• WHAT TO DO:
Your answer must hold only the lines below from the line containing "TRADE LOT 100" through the line containing "Free Great collection.", each reproduced exactly.

• SUPPLIED RECORDS:

________________________

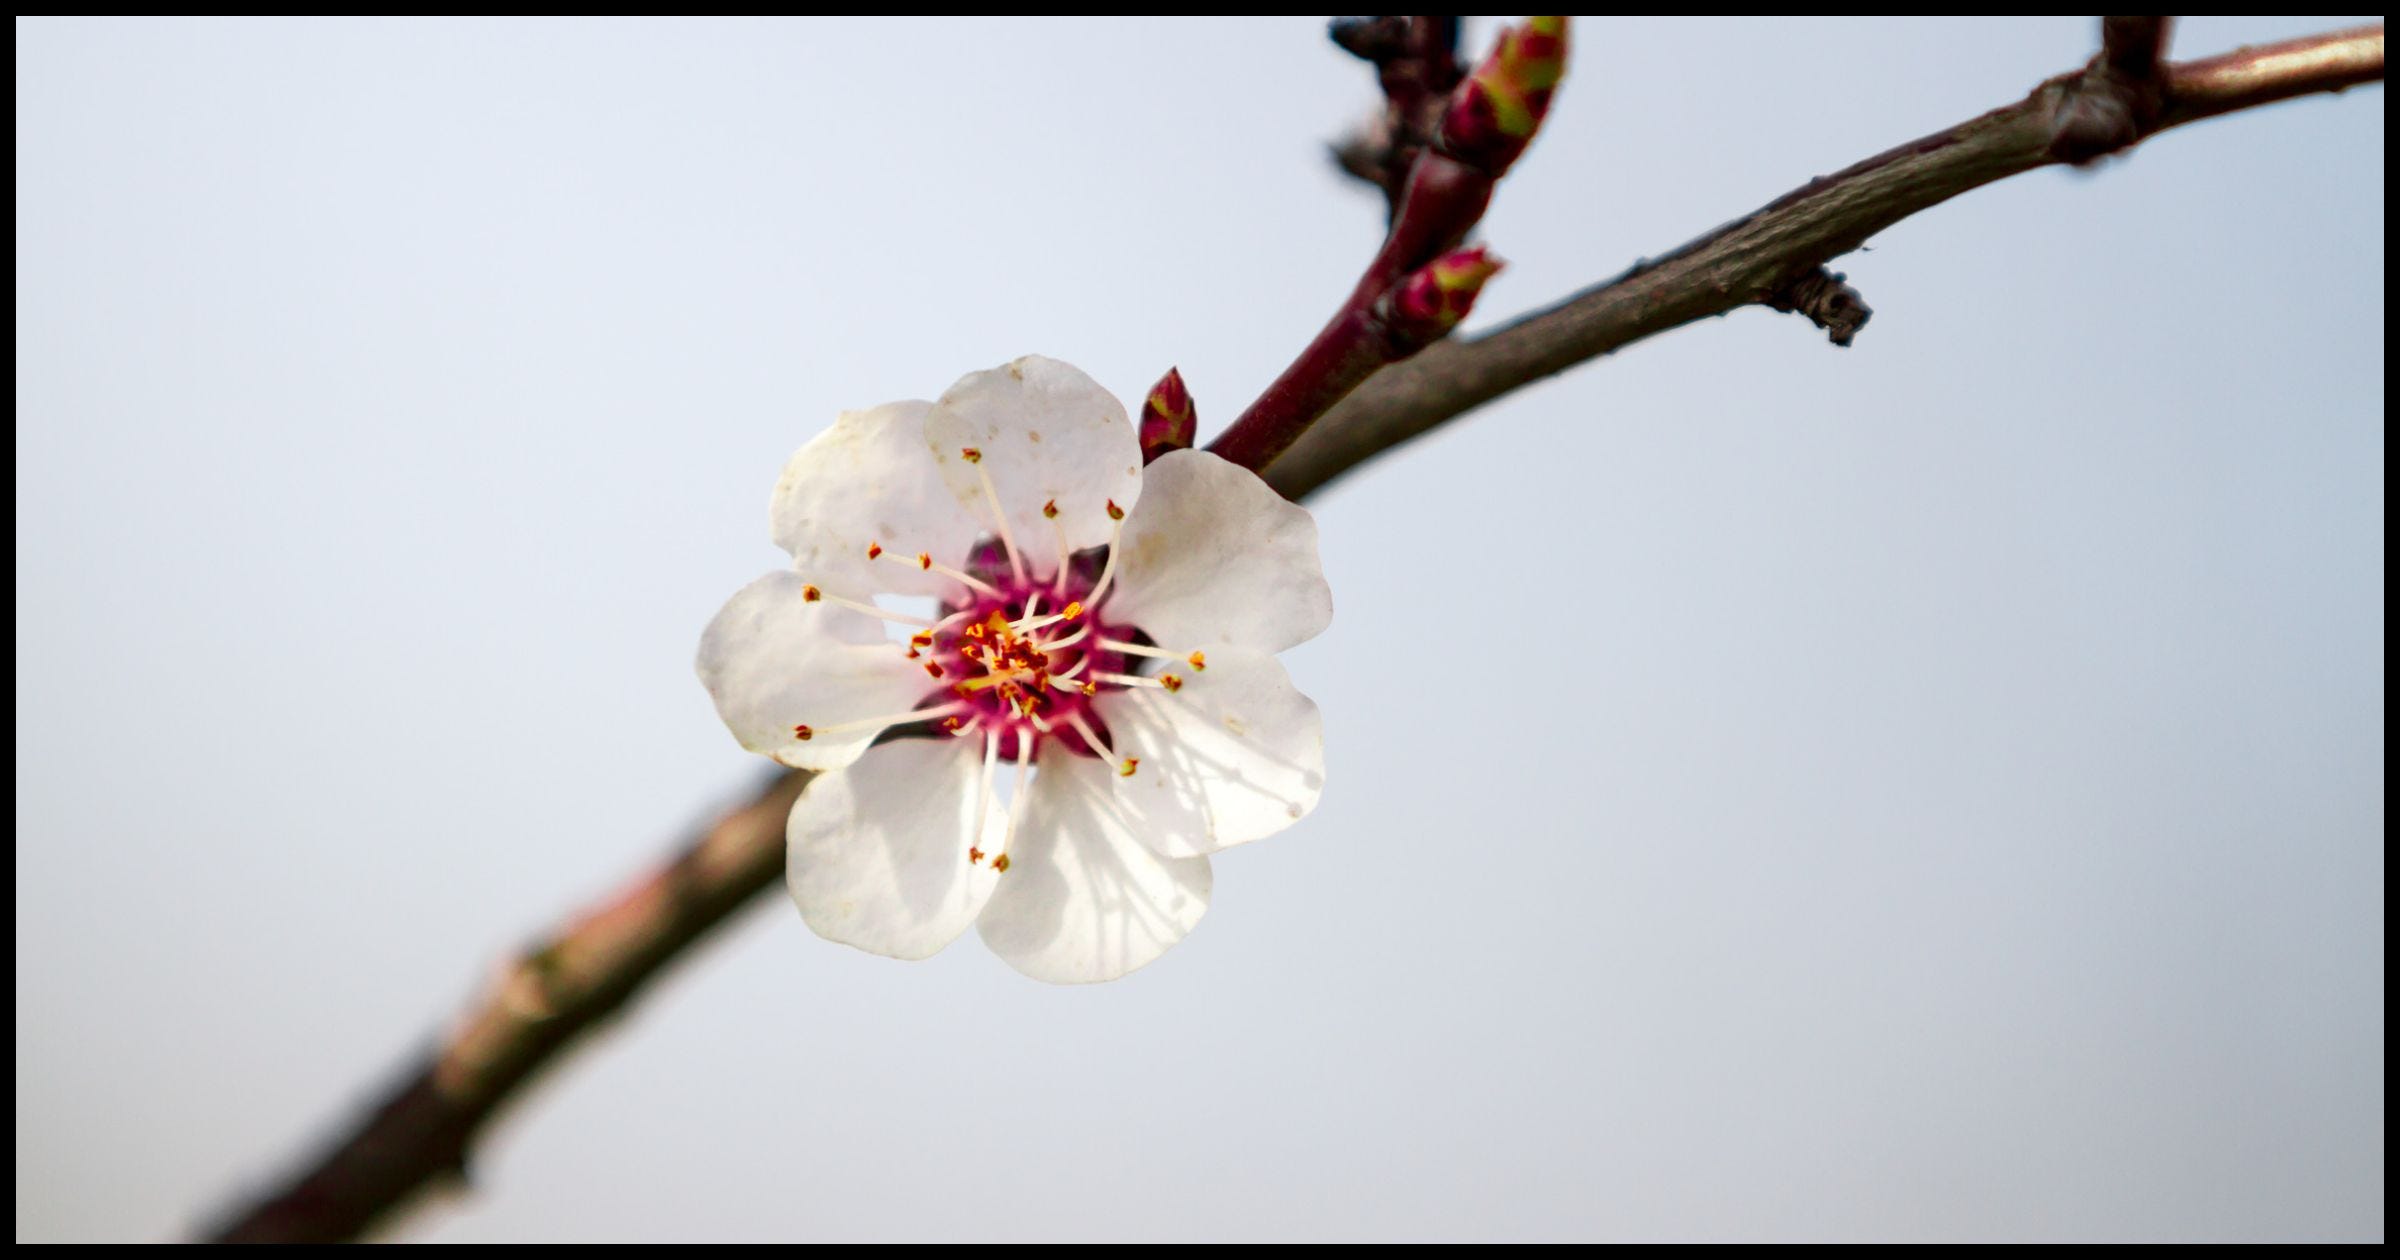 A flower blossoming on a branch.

________________________

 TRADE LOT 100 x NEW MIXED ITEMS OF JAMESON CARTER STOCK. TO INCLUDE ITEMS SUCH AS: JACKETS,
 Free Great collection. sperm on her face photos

________________________

• COMPLETED TASK:
 TRADE LOT 100 x NEW MIXED ITEMS OF JAMESON CARTER STOCK. TO INCLUDE ITEMS SUCH AS: JACKETS,
 Free Great collection. sperm on her face photos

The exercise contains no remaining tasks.